The AMMA points to the historical tradition of medical massage as practiced and utilized by physicians and allied medical personnel and as used in the corrective and restorative treatment of patients in formal medical and clinical settings. Many unqualified individuals within the general massage community have offered their personal and mostly uneducated opinions of what medical massage is. Nowhere has the AMMA witnessed a valid definition; indeed, most of what has been offered has only furthered misunderstandings and misconceptions within the massage profession. The AMMA views medical massage as a division of the science of manual medicine, which is also represented by manual therapy, physical therapy, osteopathy, chiropractic, naprapathy and other forms of treatment based on manual practices.
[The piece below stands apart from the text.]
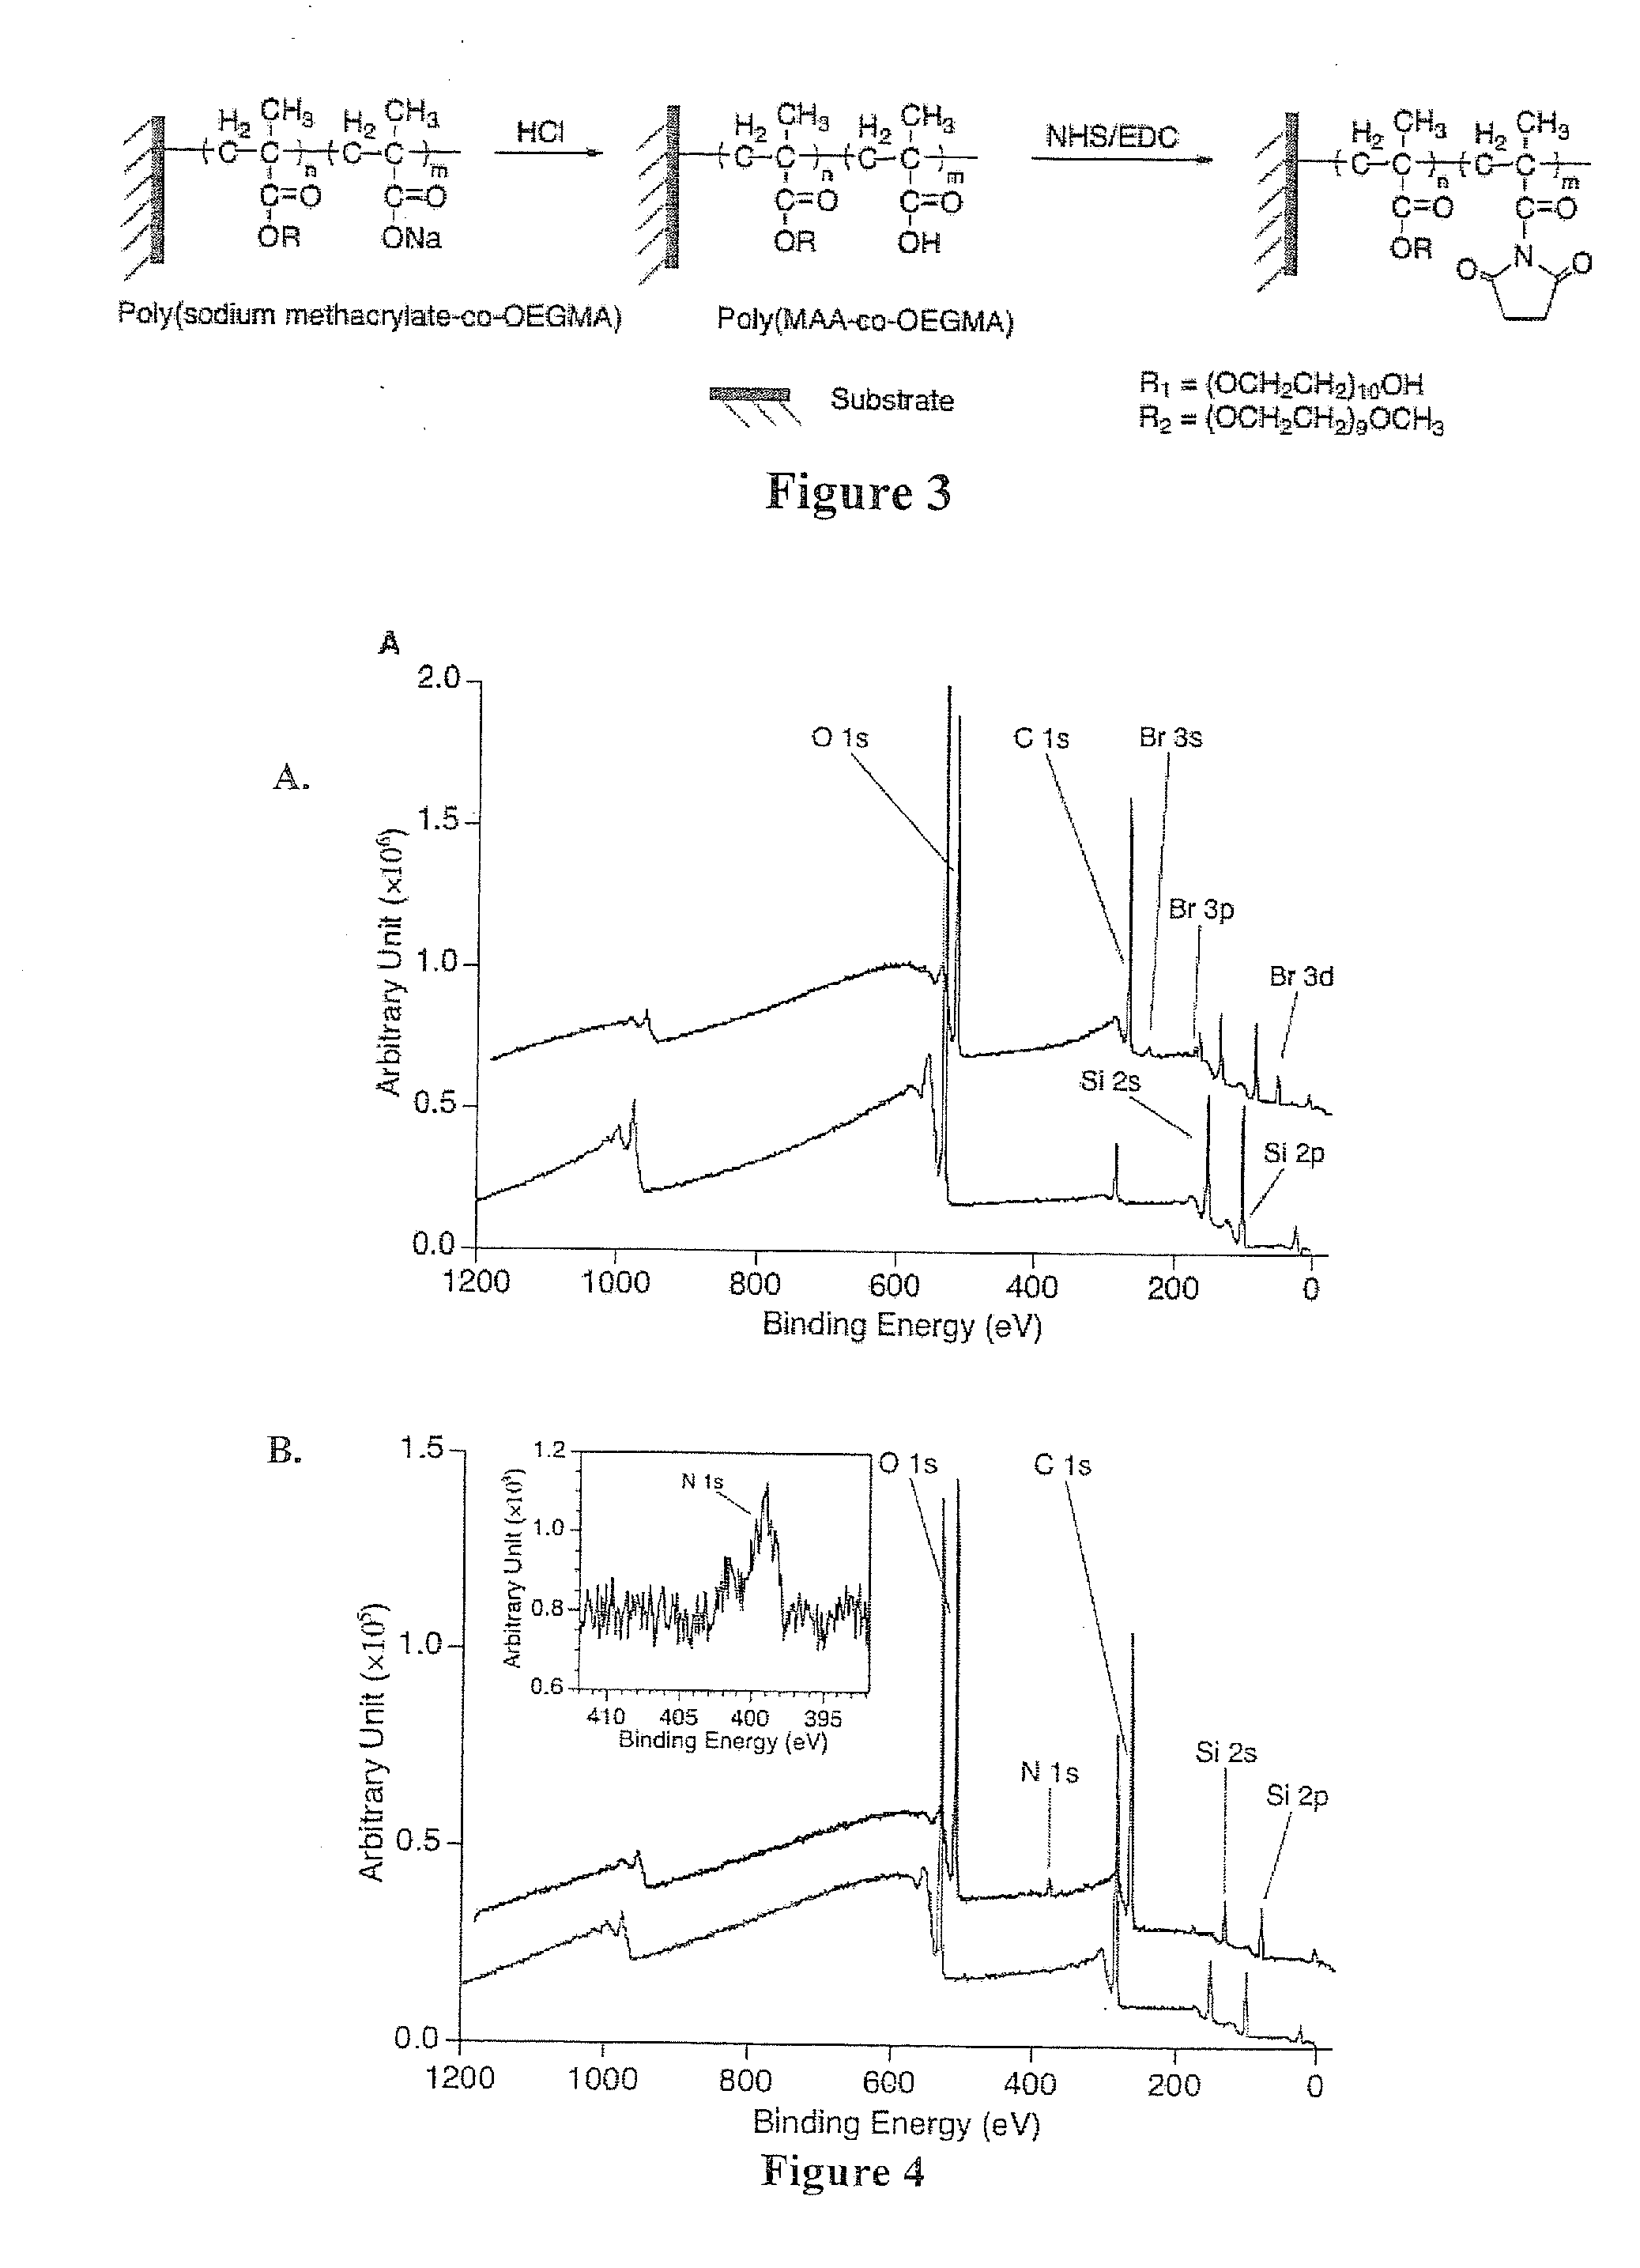 Non-fouling polymeric surface modification and signal amplification method for biomolecular detection

The AMMA strongly embraces the precepts and foundations of medicine that are related to scientific research, academic integrity and professional ethics. The AMMA has published numerous papers related to current scientific research as it may be applied to manual medicine and medical massage therapy and continues to provide this information to its members through its published scientific journal, training manuals and other educational materials and programs. The AMMA has stated that valid education in medical massage is predicated upon accepted science and scientifically validated techniques. And, in regards to professional ethics, the AMMA has established that the practice of non-physiological or fringe massage practices is unethical in a medical or clinical setting where patients are being treated for pain and suffering.
The question has been repeatedly asked, "Why call yourself a medical massage therapist?" The answer for the members of the AMMA is based on educational qualifications, medical and clinical training, state regulations and licensure, national board examination and certification, professional membership, and ongoing training and evaluation; however, for the AMMA member, the answer is more accurately related to the division between massage therapists who have met minimal educational standards obtained at substandard massage schools, who are trained in and use unscientific, non-physiological and fringe massage practices, and the standards that have been met by members of the AMMA. From this point of view, medical massage, and its re-establishment, was an idea whose time had come again.
As the various "stakeholders" in the massage profession attempt to define medical massage, we ask them to keep in mind the several thousand current members of the AMMA and their voices. It is the opinion of the AMMA that medical massage will not so much be defined by democratic process as by current and future legal definitions and by scientific and academic process. The AMMA believes that medical massage must be defined in much the same way as physical or occupational therapy has been, by research and clinical studies of its techniques and protocols. We believe that the most important thing that the AMMA can do is call for professional understanding and unity.